Flame Bait is pretty much just for This Sucks tropes (and character alignment, for an interesting reason. This should definitely not join that list.
It's a little difficult when entire pages are full of this nonsense.
"If you aren't him, then you apparently got your brain from the same discount retailer, so..." - FighteerWhat entire pages? I looked through the thread that was linked and saw no examples of flame wars and entire pages being filled with Unfortunate Implications.
Have you looked at the subpages of this trope? It's random jargon-natter-craft-completely distorted nonsense someone might find offensive if they squint hard enough. Not even kidding.
"If you aren't him, then you apparently got your brain from the same discount retailer, so..." - FighteerArgh, am I going to have to go and cite the entire works of bell hooks? Do we have to use APA style?
Routerie: What do you mean by "This sucks"? To me Unfortunate Implications seems to be such a trope, at least if misused.
I mean "This is of low quality." Unfortunate Implications is, at worst, "this is of low quality because it has themes that should offend modern audiences," which demands enough content that even misuse is better than Flama Bait.
Yes, I've poked around a few pages. I even picked a few by random:
- Love Never Dies: Correct usage.
- Sailor Moon: Incorrect usage for first page I don't even know what the second paragraph is getting at.
- Saw: Correct usage.
- Jennifer Blood: Correct.
- Jerry Lawler: Correct.
- Kamen Rider Fourze: Incorrect.
- Kitty Norville: Correct.
- Lost: Correct.
- Adventures of Sonic the Hedgehog: Kinda reaching.
- Aida: Correct.
- Archie Comics' Sonic the Hedgehog: Correct.
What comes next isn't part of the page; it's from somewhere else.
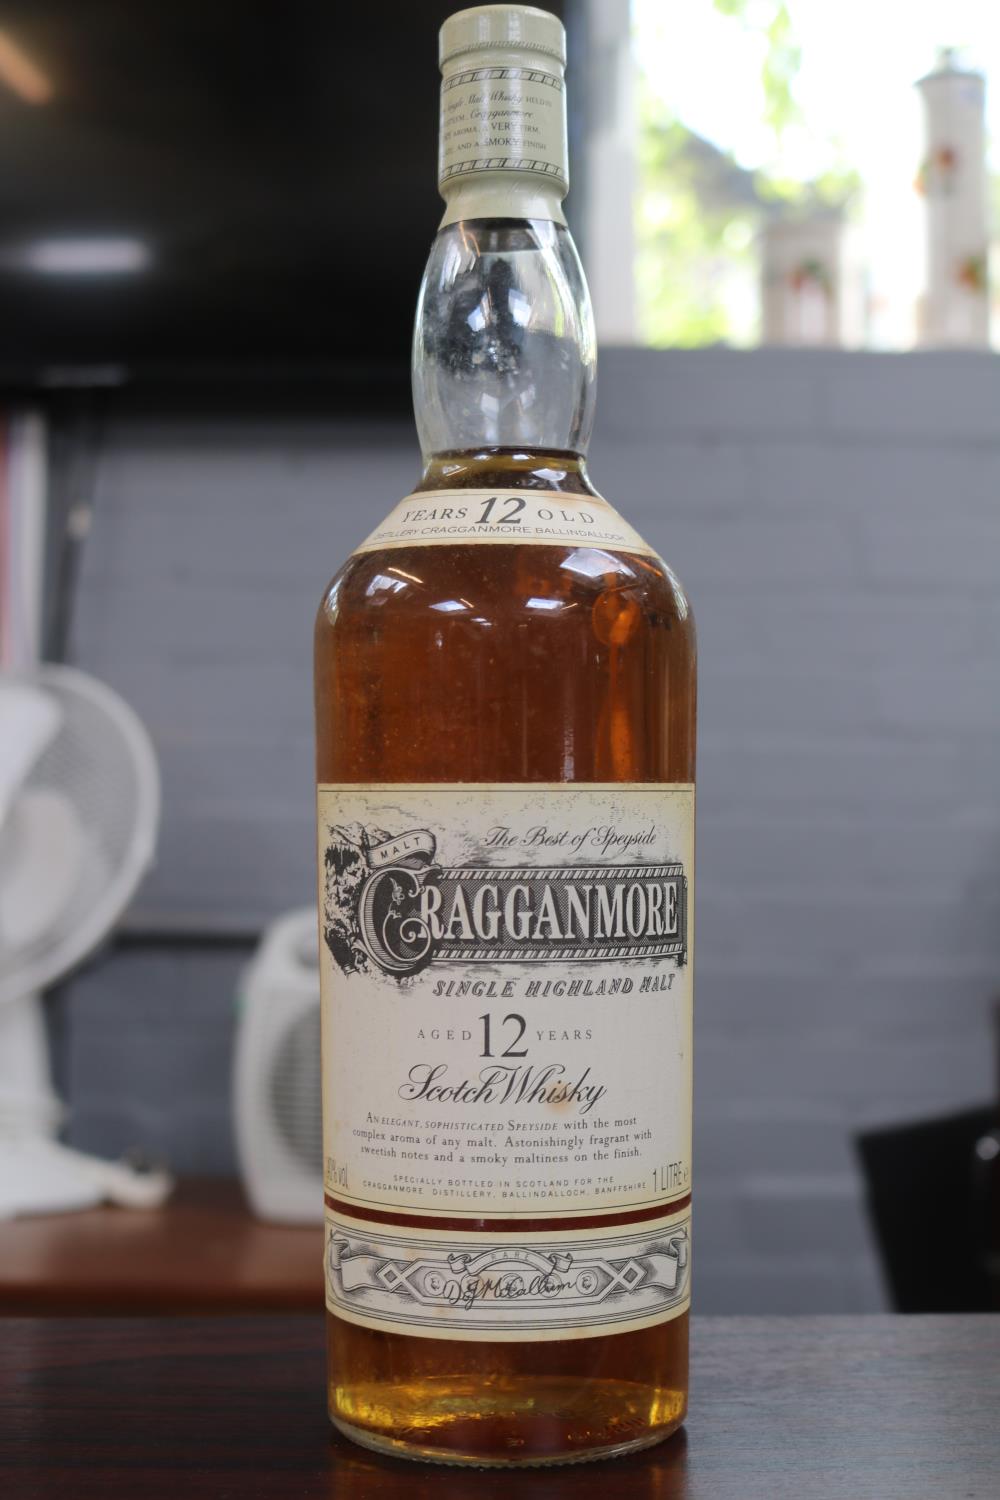 Cragganmore Single Highland Malt Aged 12 Years Scotch Whisky 1 Litre

- Eureka: Correct, but needs to be cleaned due to some arguing in the page.
- Family Matters: Correct.
So yeah, I'm not really seeing this supposed arguing and using Unfortunate Implications to bash a work. And in any case, even someone looking really hard to find U Is and posting their opinions (like the Sonic example) isn't even using the trope to bash. I think the citation thing can really help with the work pages but I'm not seeing a widespread problem.
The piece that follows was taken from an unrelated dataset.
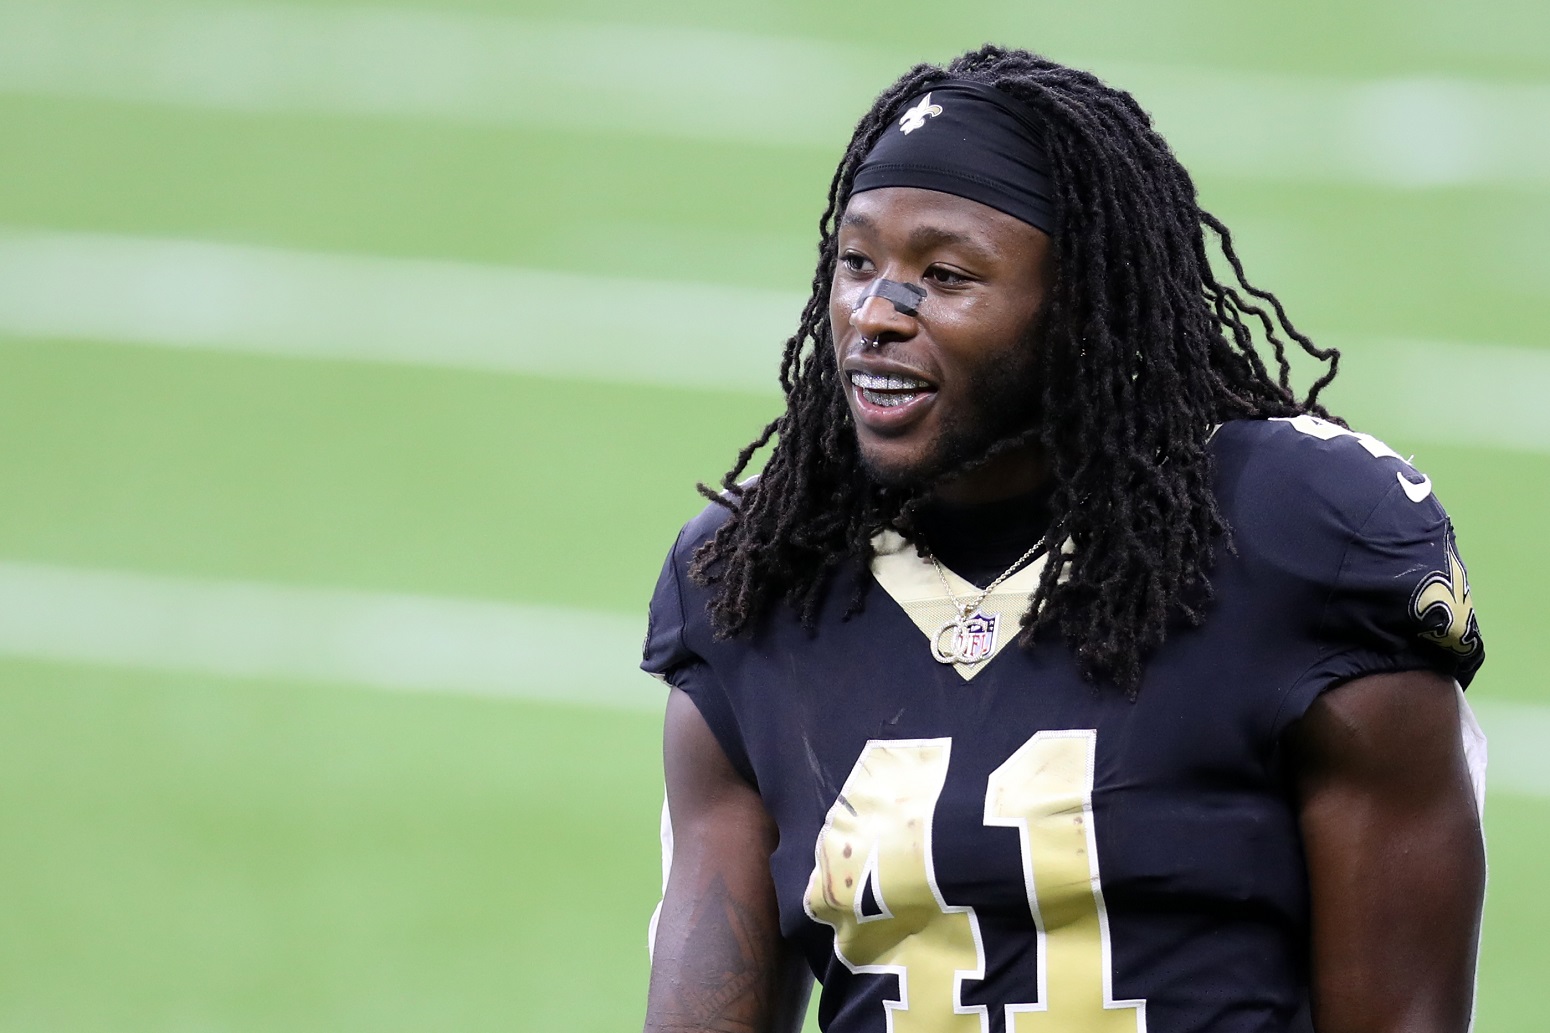 The Saints Are Going All In On Technology to Prepare Alvin Kamara to Play the Bears

edited 30th Jun '12 6:07:07 PM by MegaJ
Crown Description:
The issue at stake is that the page as-is includes many nonsensical examples and is prime territory for edit wars.
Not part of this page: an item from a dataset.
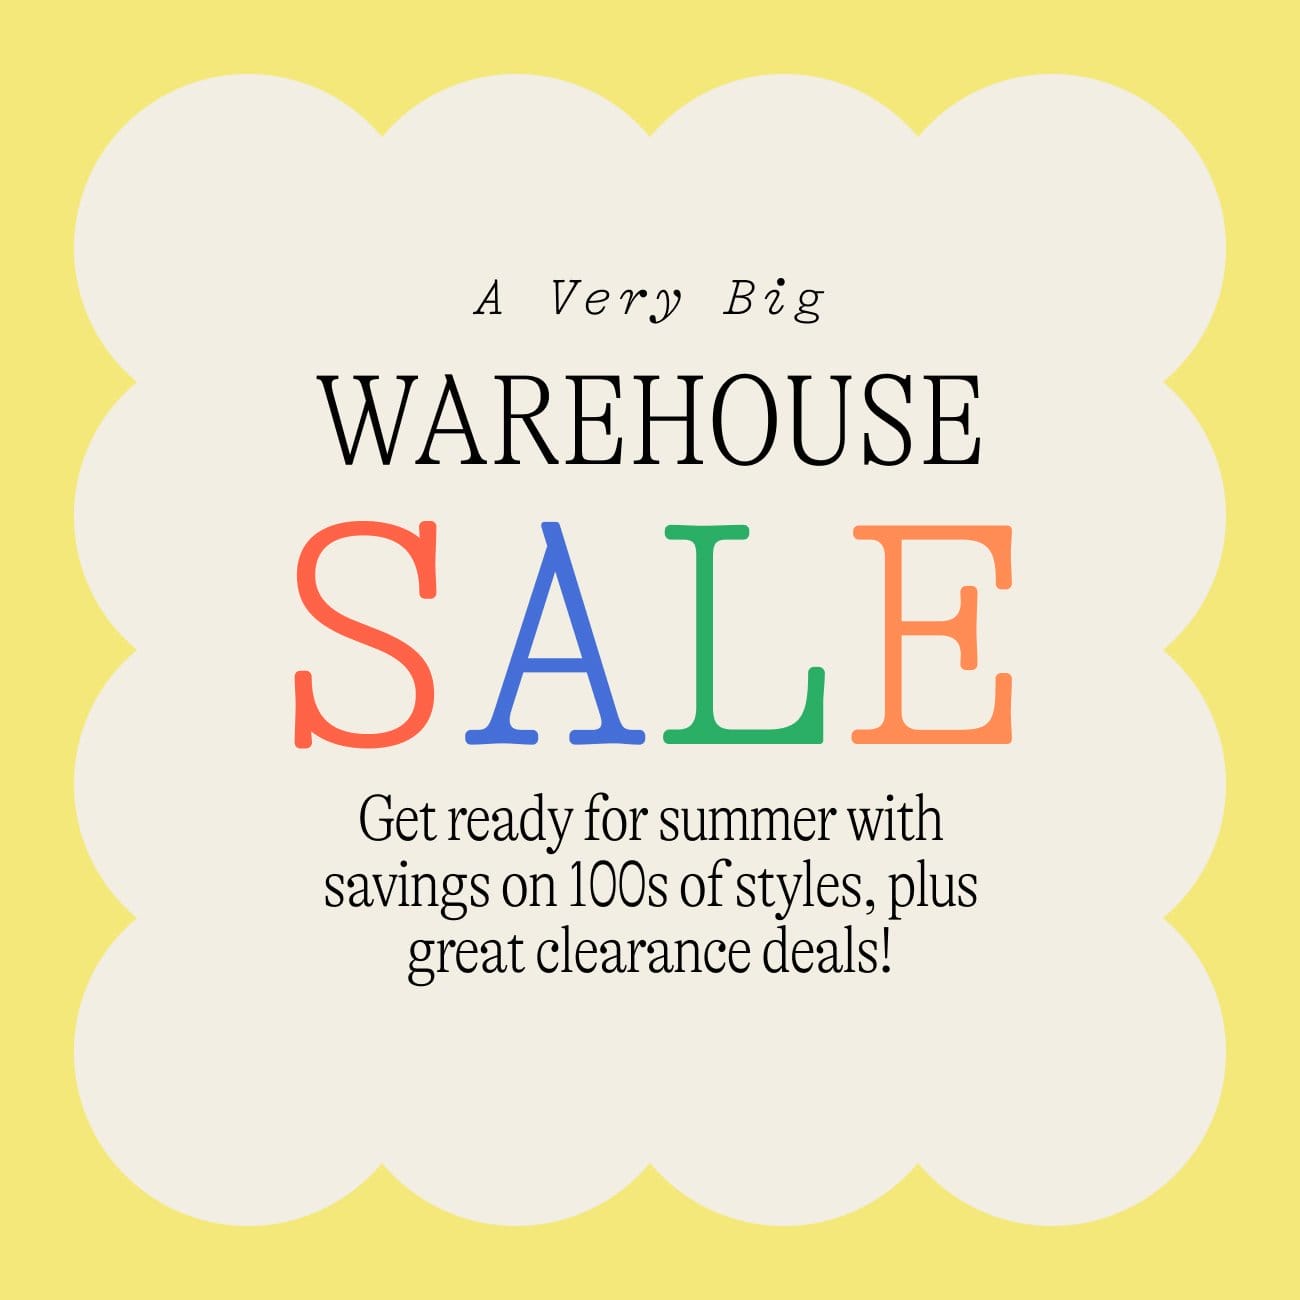 A very big WAREHOUSE sale. Get ready for summer with savings on 100s of styles, plus great clearance deals!

I would treat Family-Unfriendly Aesop a bit more loosely.
Requiring that it have an explicit moral is taking the trope description too literally. There are many works which technically speaking aren't meant to teach a moral—but they do assume a moral. If the writer thinks that all Jews are greedy, and he writes a story with a Jew in it, that story is bound to depict the Jew as greedy, even though he's not technically trying to teach that Jews are greedy, or indeed teach anything at all.
I would say that a story which makes a moral assumption that is very unusual should count as a Family-Unfriendly Aesop.
Someone who just puts a greedy Jew in his story because the greedy person just happens to be a Jew, is neither assuming nor teaching anything about Jews, and still won't qualify for Family-Unfriendly Aesop. But if it strongly implied that Jews are evil, it could be Unfortunate Implications.